Note that the mmap() base has exactly 8 bits of randomization.  The
mmap() base can be over 9MiB (11 bits); but is always tied to the stack,
and thus not all of those 2304 positions can be reached in any given
state of the stack.  Because of this, the real entropy is always 8 bits.

Fedora Core, RHEL, and PaX also implement heap randomization.  Some
programs, notably Emacs, are very fragile when faced with this; most
work fine.

The main binary is not randomized; a very real attack is possible by
returning to code in the main executable which contains a call to the
desired function to exploit, such as system().  This requires more
complex instrumentation, but is very possible and nullifies security
gains from mmap() randomization.  This attack can be mitigated with
Position Independent Executables, discussed later.

Currently entropy is very low to avoid breaking VMA-intensive
applications.  On 64-bit architectures, entropy should be increased to
provide better protection.  Systematic brute forcing of daemons that
fork(), such as Apache, have been shown to be useful in breaking
high-order randomization in systems such as PaX in a mere 216
seconds[2].  An anti-brute-force mechanism to deal with this can slow or
stop the attack; a good one does not exist, a workable one exists in
GrSecurity.  I may be able to describe a better system for this later.

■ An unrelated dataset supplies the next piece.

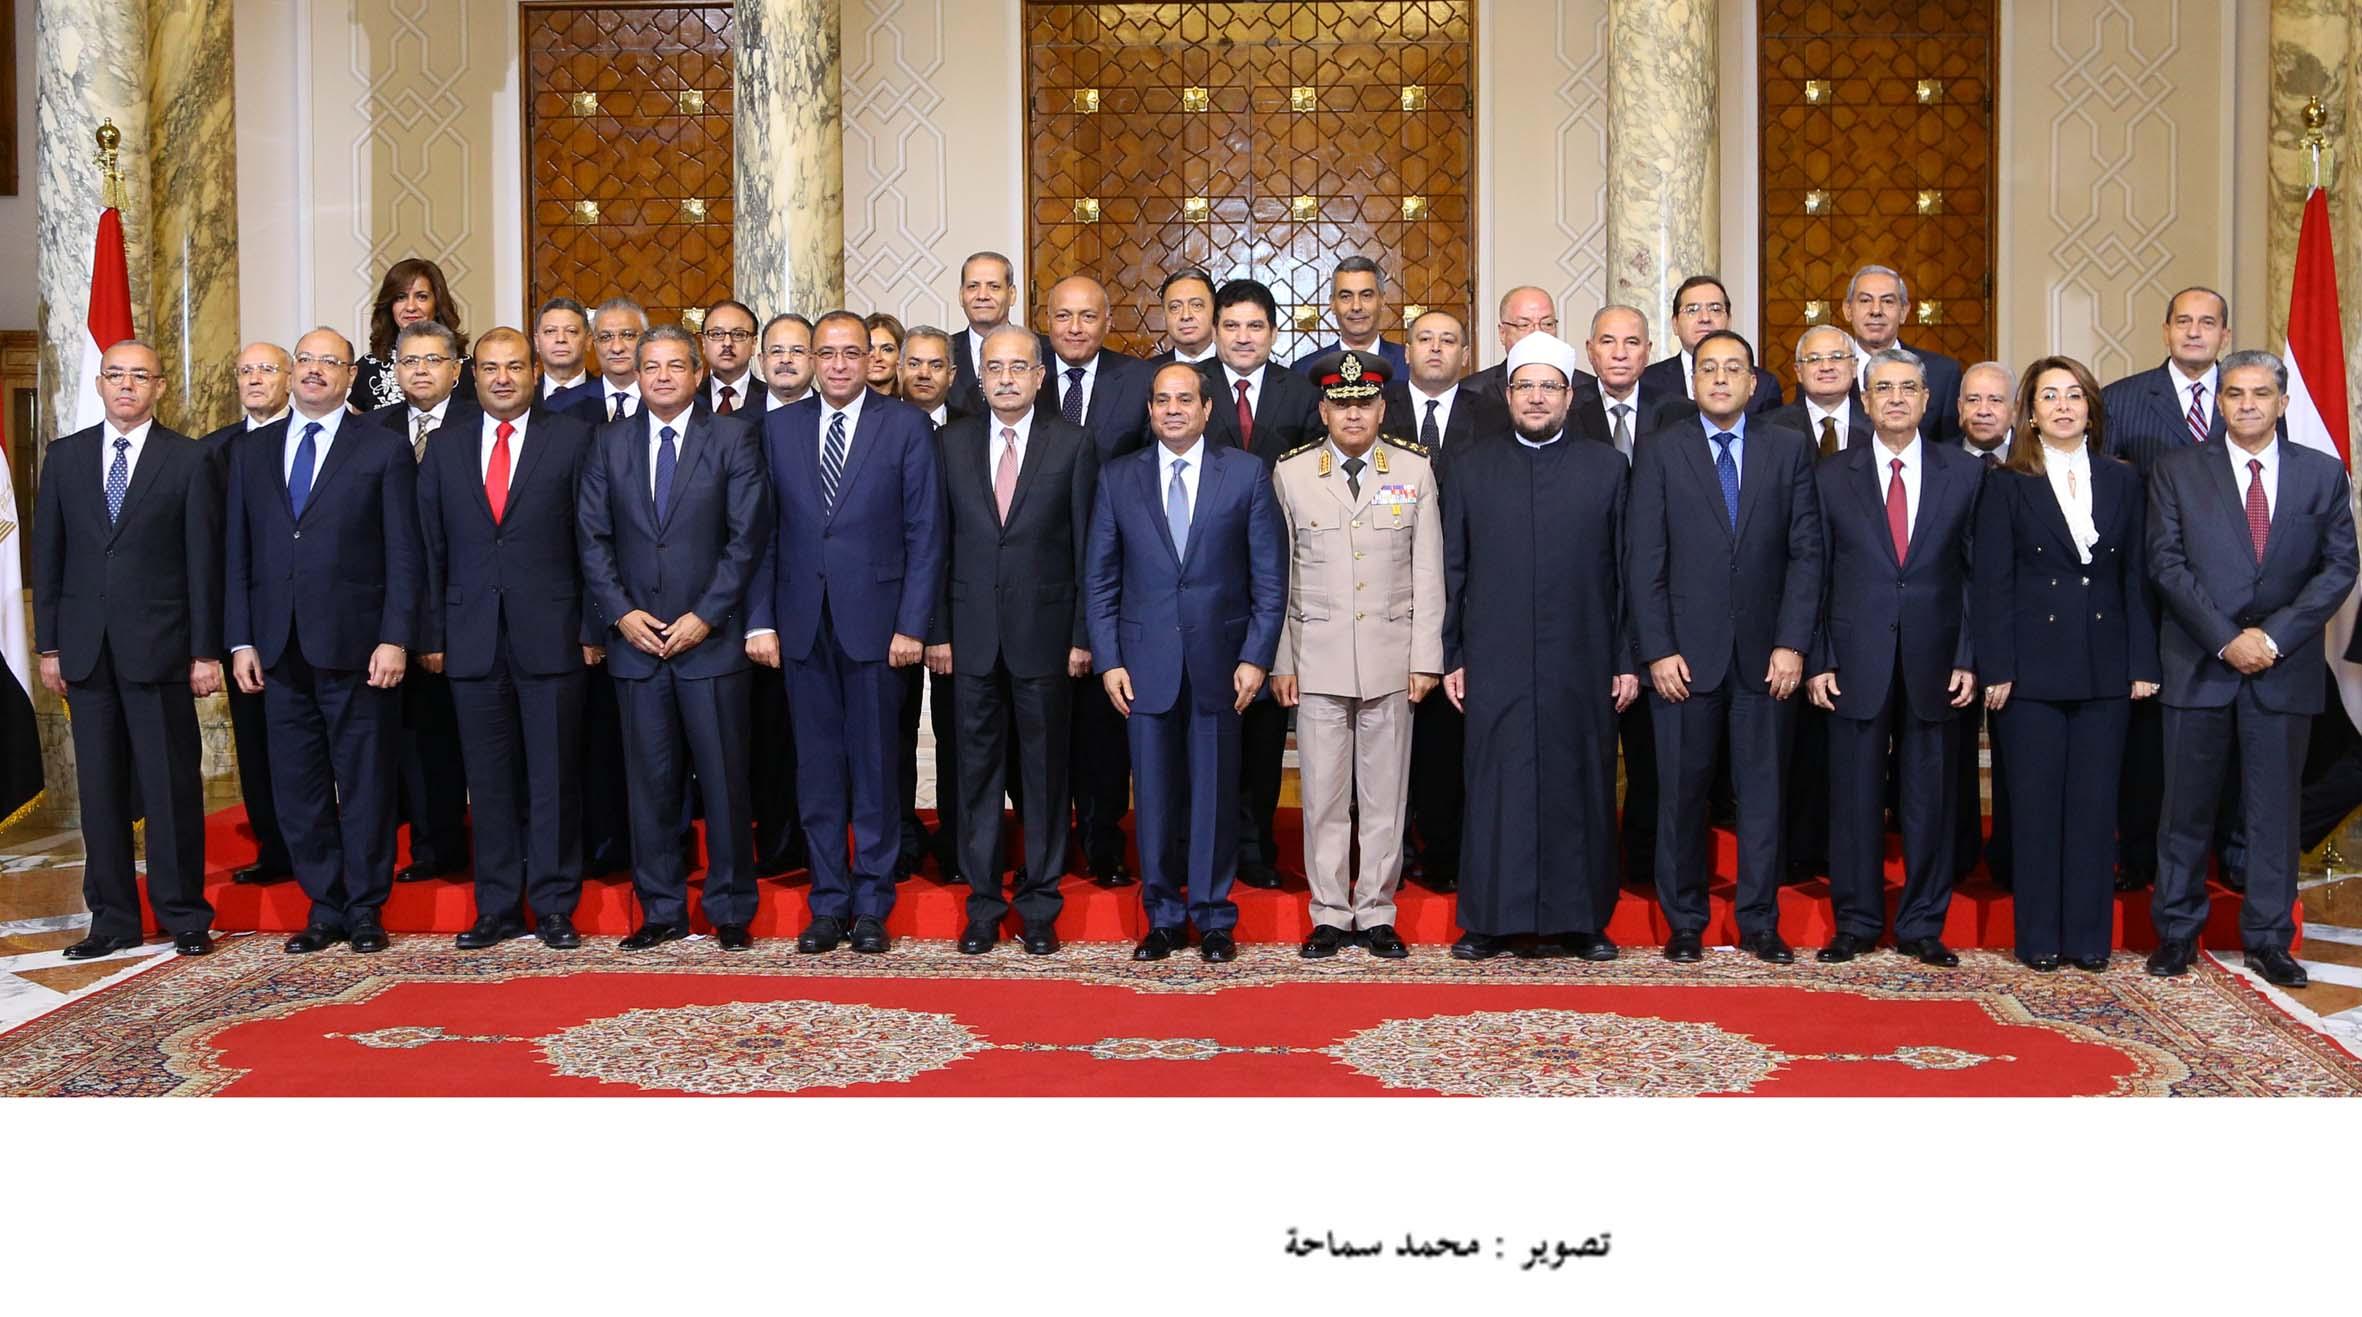 المكتب الإعلامي المصري:  بيان الحكومة يعزز مسار الإصلاحات في مصر

I have created a patch for 2.6.16 that implements a framework useful for
per-process entropy instrumentation, which can later be fleshed out into
an SELinux policy control for per-binary entropy levels; this would
allow entropy to be decreased without disabling randomization on
troublesome applications that dislike high-order entropy.  It currently
does nothing of the sort, but does allow a kernel command line parameter
to set the maximum mmap() and stack entropy to up to 1/12 of VMA space.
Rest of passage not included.